Piper’s jaws ached from clamping them shut so tightly. It wasn’t Lorene’s fault, and truth was that the twins probably had a better time at her house than they would have with Gene and his girlfriend. Still, it made her so mad that she could have hanged that man from the nearest pecan tree with a barbed-wire noose.

They weren’t identical twins. Tanner had blond hair, big blue eyes, and a thin face. Luke had a square face like his father, green eyes, and brown hair. Even though they didn’t look alike, they were true twins who thought alike, finished each other’s sentences, and slept in the same position.

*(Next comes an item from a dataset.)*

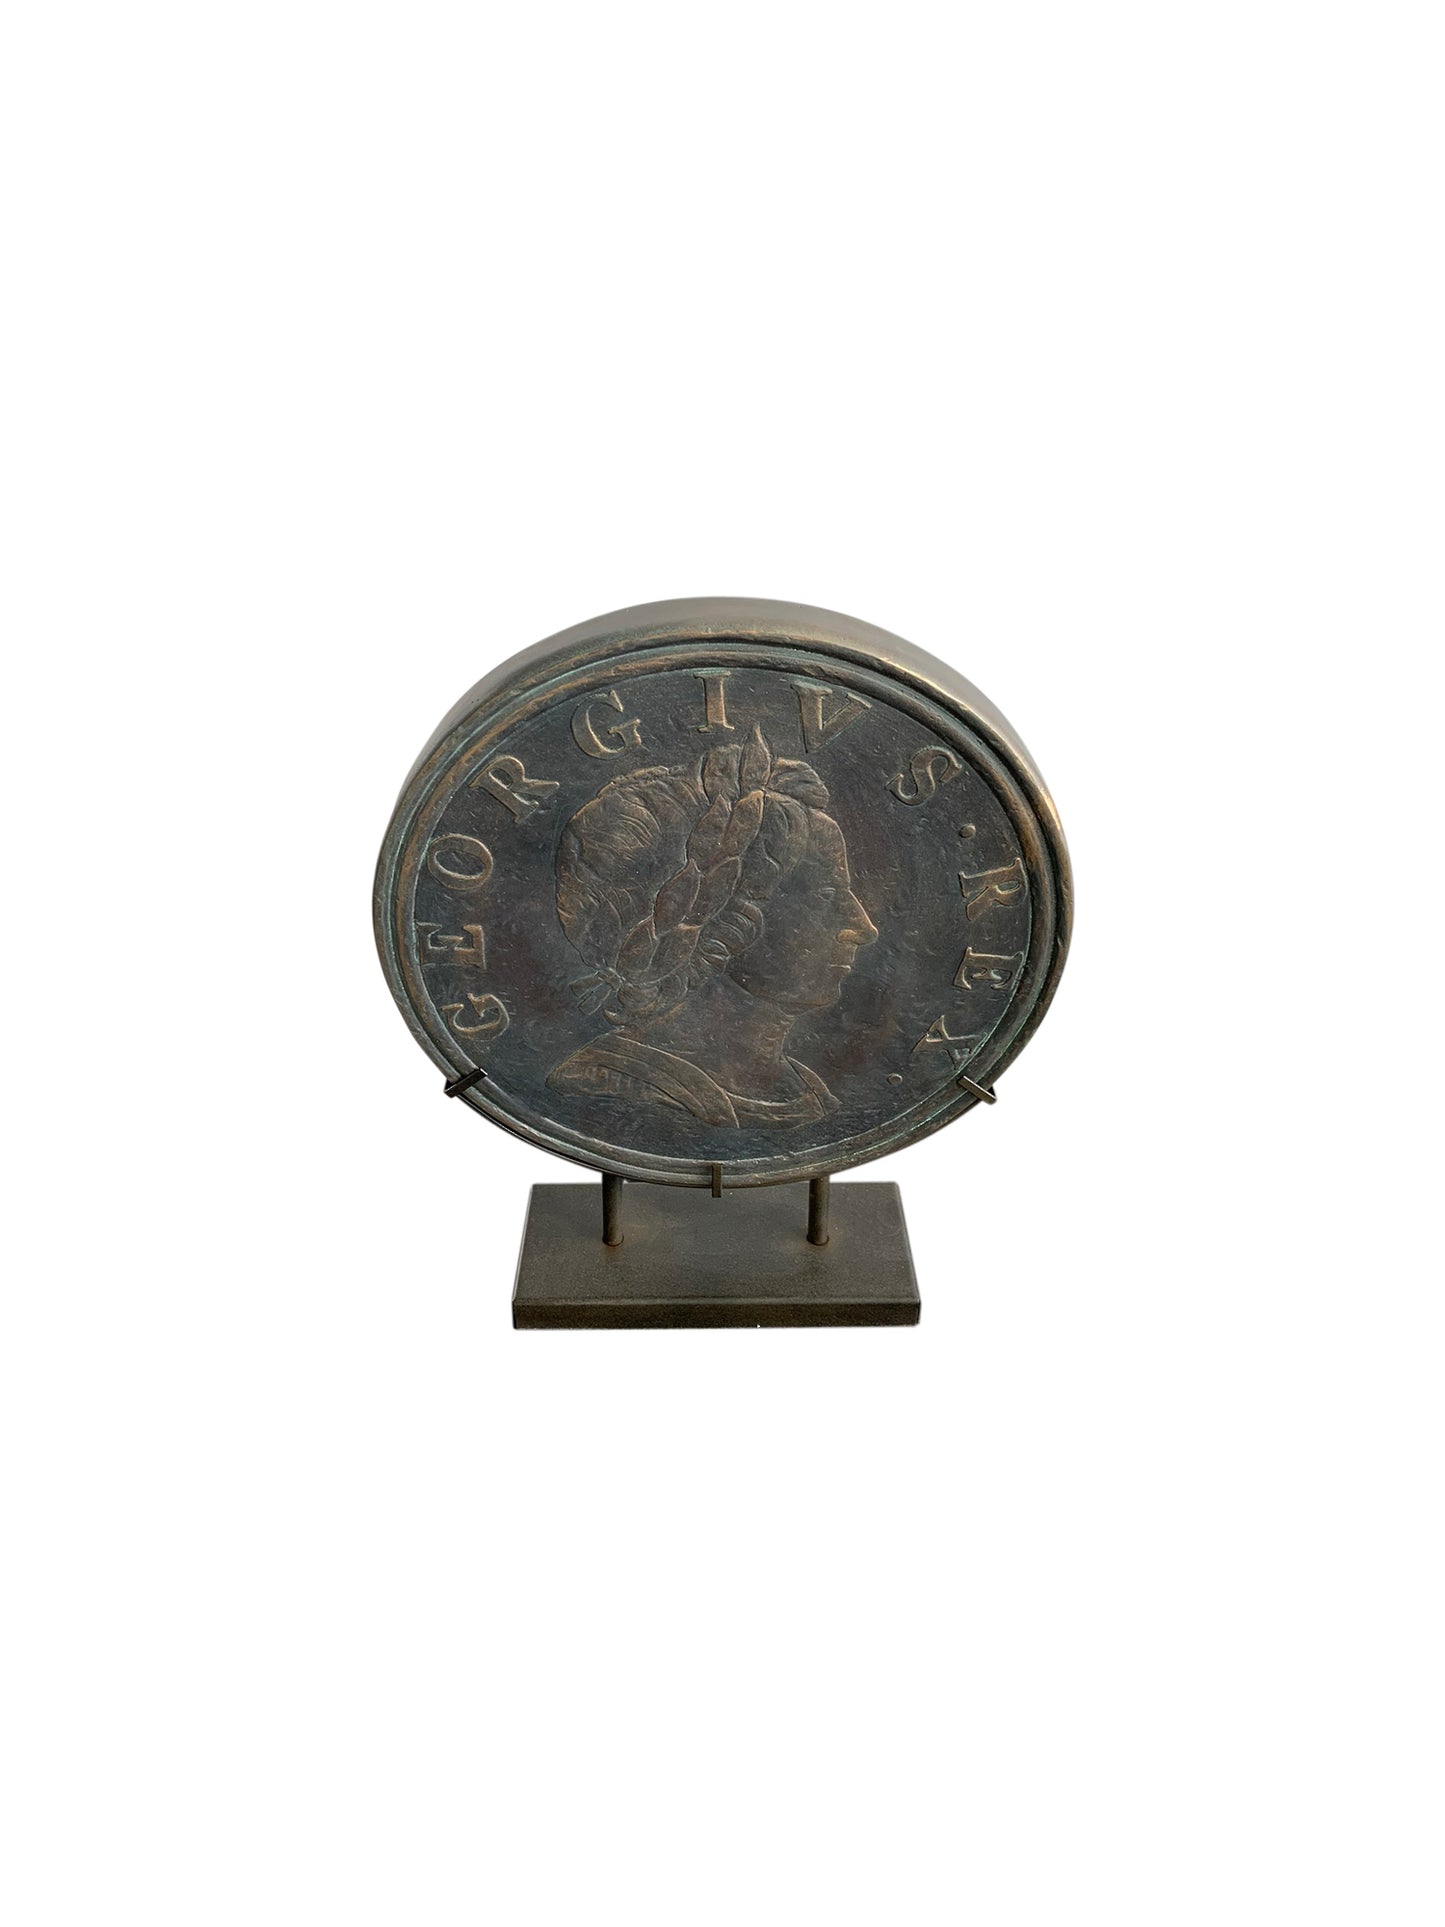 Antique Old Coin on Stand

Tanner grabbed her hand and pulled her toward the church. “Mama, guess what. Grandpa took us fishin’ in his pond and Luke caught a perch and I caught a bass and Grandma cooked them for us. And it was like the fishes that Jesus had. They made a whole platter full of fish and we had all we wanted and there was some leftovers and it was the best fish ever. I can’t wait to tell Preacher Jed all about it. He’s teachin’ our Sunday school class now and I like him a whole lot.”

Luke held her other hand and skipped along beside her. “He’s the neatest preacher we’ve ever had. I wish he could go fishin’ with us. I bet he’d show us how to catch great big fishes.”

Piper led them into their class and nodded at the preacher, who was sitting on the floor with children all around him. Luke and Tanner quickly found a place as close to him as they could get. Instead of going to her classroom, she went back outside and leaned on her car. She dug her cell phone out of the bottom of her big purse and dialed the all-too-familiar number. Gene picked up on the fourth ring.

“Why are you calling this early? Didn’t Mama bring the boys back to you on time?” he asked gruffly.

“Why the hell didn’t you tell me you didn’t want the boys this weekend? You don’t have to take them and I miss them when they’re gone,” she said.

“Mama didn’t mind watching them. She and Dad get a big kick out of them and Rita and I had plans. We took her two nieces to Six Flags,” he said. “I don’t have time to argue with you this morning, Piper. I’m making pancakes for all the girls and they’re having breakfast in bed.”